| ← Previous race | Next race → |
- Korean International Circuit

Race details
- Date: 6 October 2013
- Official name: 2013 Formula 1 Korean Grand Prix
- Location: Korea International Circuit Yeongam, South Korea
- Course: Permanent racing facility
- Course length: 5.621 km (3.493 miles)
- Distance: 55 laps, 309.155 km (192.100 miles)
- Weather: Cloudy with maximum temperatures reaching 29 degrees during the day
- Attendance: 60,000

Pole position
- Driver: Sebastian Vettel; / Red Bull-Renault
- Time: 1:37.202

Fastest lap
- Driver: Sebastian Vettel / Red Bull-Renault
- Time: 1:41.380 on lap 53

Podium
- First: Sebastian Vettel; / Red Bull-Renault
- Second: Kimi Räikkönen; / Lotus-Renault
- Third: Romain Grosjean; / Lotus-Renault

= 2013 Korean Grand Prix =

The 2013 Korean Grand Prix (formally known as the 2013 Formula 1 Korean Grand Prix) was a Formula One motor race that was held on 6 October 2013 at the Korea International Circuit in Yeongam, South Korea.
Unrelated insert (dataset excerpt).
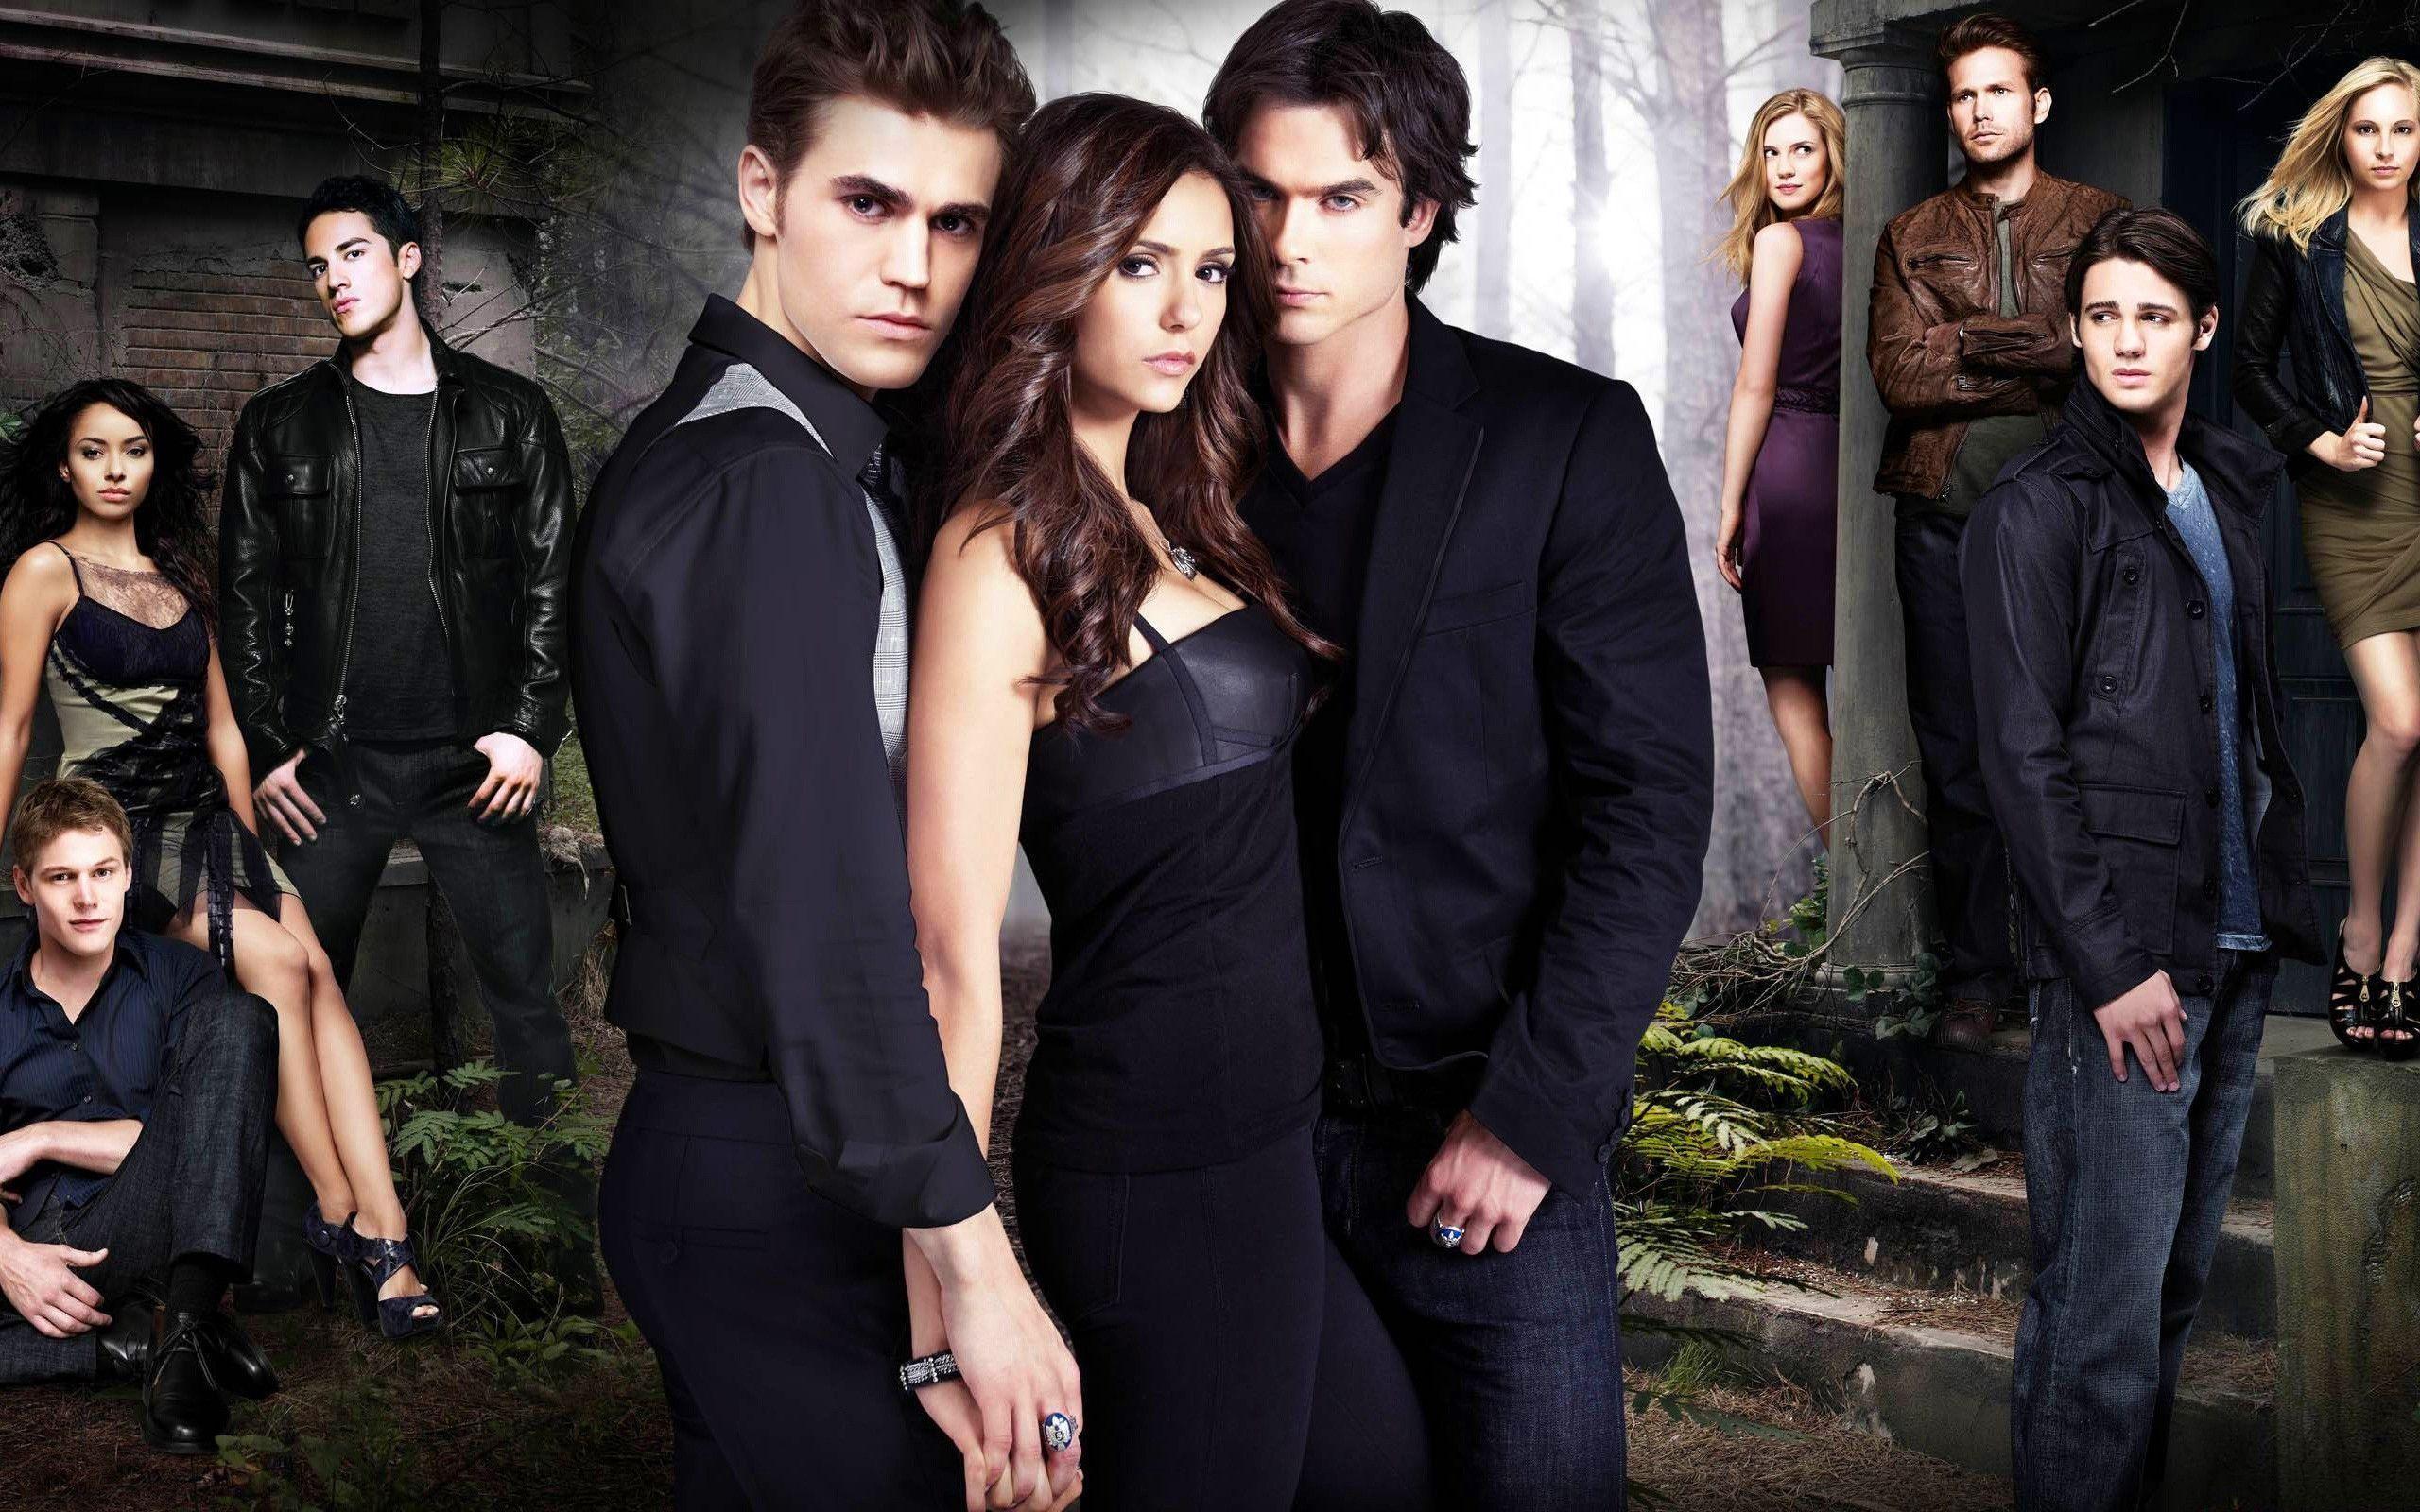 The Vampire Diaries Season 2 Wallpapers Hd Wallpapers Vampire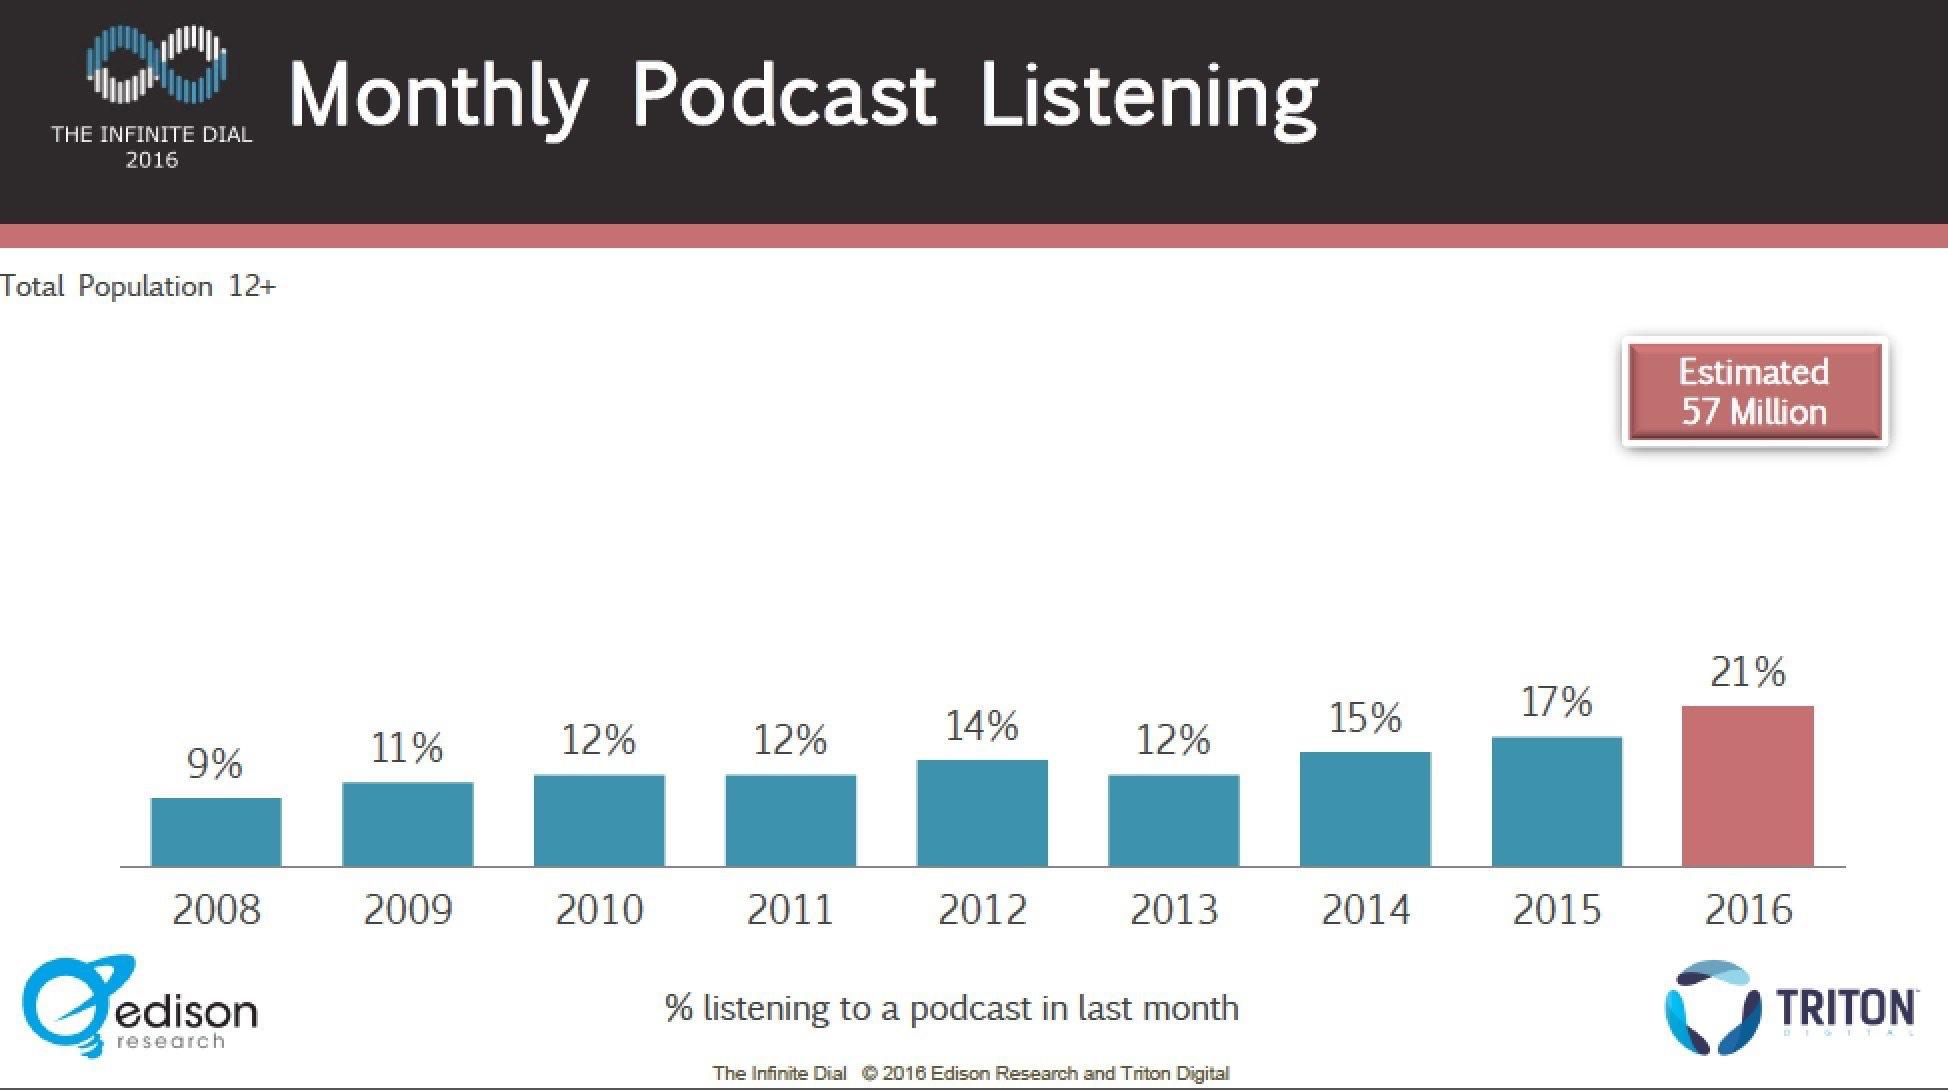 podcast listening data

The race was the fourteenth round of the 2013 FIA Formula One World Championship, and marked the fourth and final running of the Korean Grand Prix. The 53 lap race was won by Sebastian Vettel for Red Bull Racing with Kimi Räikkönen finishing second for Lotus F1. Raikkonen's teammate Romain Grosjean finished third.

==Overview==
The race was contested over 55 laps and was won by Sebastian Vettel, driving for Red Bull Racing. He dominantly won the race to claim his fourth consecutive victory of the season. He achieved a grand slam for the second race in a row, becoming the first driver since Jim Clark in 1963 to achieve the feat in consecutive race weekends. Lotus team-mates Kimi Räikkönen and Romain Grosjean rounded out the podium, a result shrouded in minor controversy after Grosjean asked for team orders late in the race having lost the position to Räikkönen on a safety car restart. Nico Hülkenberg finished an equal career-best fourth place for Sauber, describing it as "one of the best races in my career so far."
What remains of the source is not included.